To characterize how much variation is in the length of a path, we can vary the integral using \delta to signify what is being varied. This works like a derivative operator:
\delta s = {\displaystyle \int_a^b} \delta L\, dx

Then inside the integral we have a varied Lagrangian:
\delta L = \frac{\partial L}{\partial y} \delta y + \frac{\partial L}{\partial y_x} \delta y_x

Here we’ll use some substitution from the product rule, to substitute the second term, so that we are varying in terms of \delta y and not both \delta y and \delta y_x:
\frac{d}{dx} \left( \frac{\partial L}{\partial y_x } \delta y \right) = \frac{d}{dx} \frac{\partial L}{\partial y_x } \delta y + \frac{\partial L}{\partial y_x } \delta y_x

\delta L = \frac{\partial L}{\partial y} \delta y - \frac{d}{dx} \frac{\partial L}{\partial y_x } \delta y  + \frac{d}{dx} \left( \frac{\partial L}{\partial y_x } \delta y \right)

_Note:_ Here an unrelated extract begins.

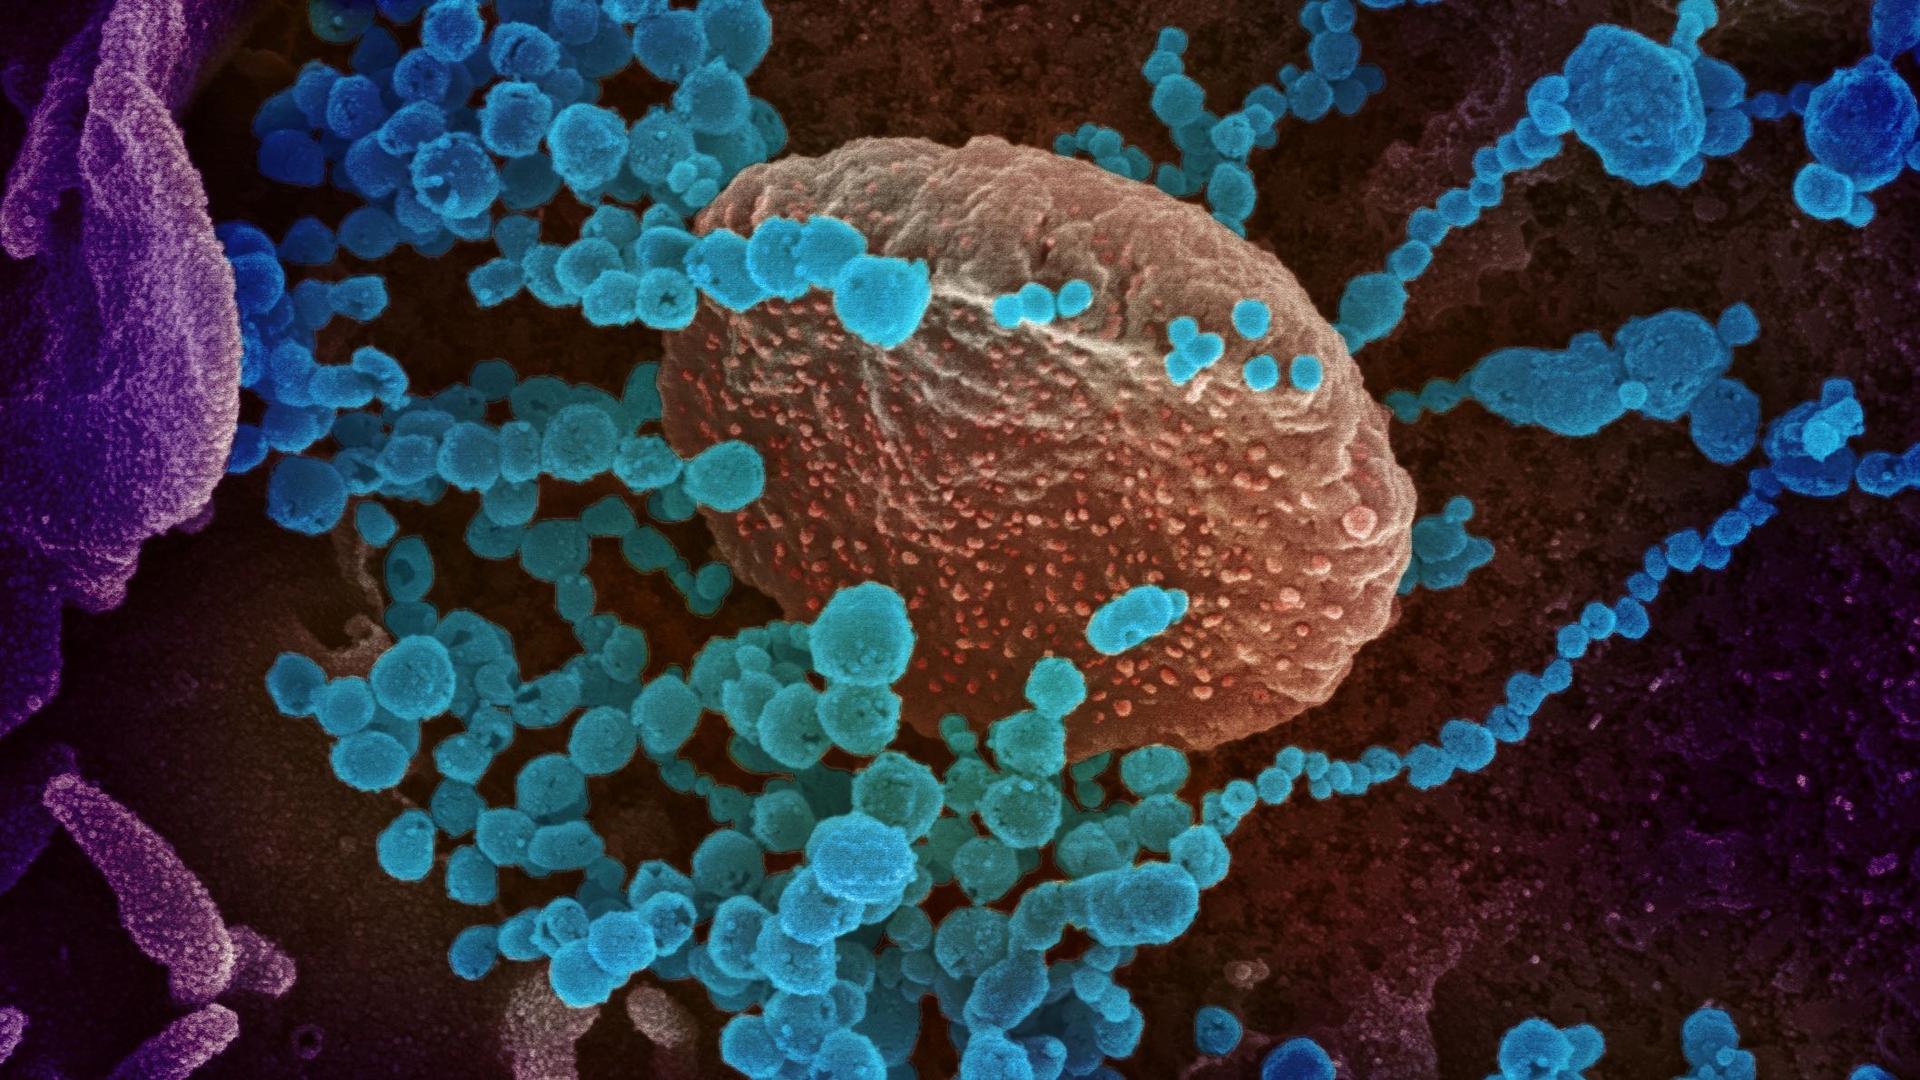 This scanning electron microscope image shows SARS-CoV-2 (round blue objects), also known as the novel coronavirus, the virus that causes COVID-19, emerging from the surface of cells cultured in the lab which was isolated from a patient in the US. 

= \left( \frac{\partial L}{\partial y} - \frac{d}{dx} \frac{\partial L}{\partial y_x } \right) \delta y + \frac{d}{dx} \left( \frac{\partial L}{\partial y_x } \delta y \right)
So now all the variation is only in terms of \delta y.

We can now look at the whole integral and evaluate it.
\delta s = {\displaystyle \int_a^b} \delta L dx

= {\displaystyle \int_a^b} \left( \frac{\partial L}{\partial y} - \frac{d}{dx} \frac{\partial L}{\partial y_x } \right) \delta y dx +  {\displaystyle \int_a^b} \frac{d}{dx} \left( \frac{\partial L}{\partial y_x } \delta y \right) dx

The second integral term is easily evaluated
{\displaystyle \int_a^b} \frac{d}{dx} \left( \frac{\partial L}{\partial y_x } \delta y \right) dx = \frac{\partial L}{\partial y_x } \delta y \bigg|_a^b

At the endpoints of our path x = a and b there is no variation, since they are fixed by definition. So \delta y = 0. And the second term is equal to 0, so we are left with:
\delta s = {\displaystyle \int_a^b} \left( \frac{\partial L}{\partial y} - \frac{d}{dx} \frac{\partial L}{\partial y_x } \right) \delta y dx

Figure below shows variation between the endpoints, but no variation at the endpoints.

path3

Now if we want to minimize the variation in path length, we set the variation to zero: \delta s = 0, and since \delta y \neq 0 between the endpoints, that means:
0 = \frac{\partial L}{\partial y} - \frac{d}{dx} \frac{\partial L}{\partial y_x }
This result is known as the Euler-Lagrange equation, and it is used to compute things like equations of motion.

We can then plug in our Lagrangian from earlier L = \sqrt{1 + y_x^2} into the Euler-Lagrange equation. The first term is easy:
\frac{\partial L}{\partial y} = 0, since there’s no y dependence in our L.
So this only leaves the other term
\frac{d}{dx} \frac{\partial L}{\partial y_x } = 0
which implies
\frac{\partial L}{\partial y_x } = C
Where C is an arbitrary constant from integration.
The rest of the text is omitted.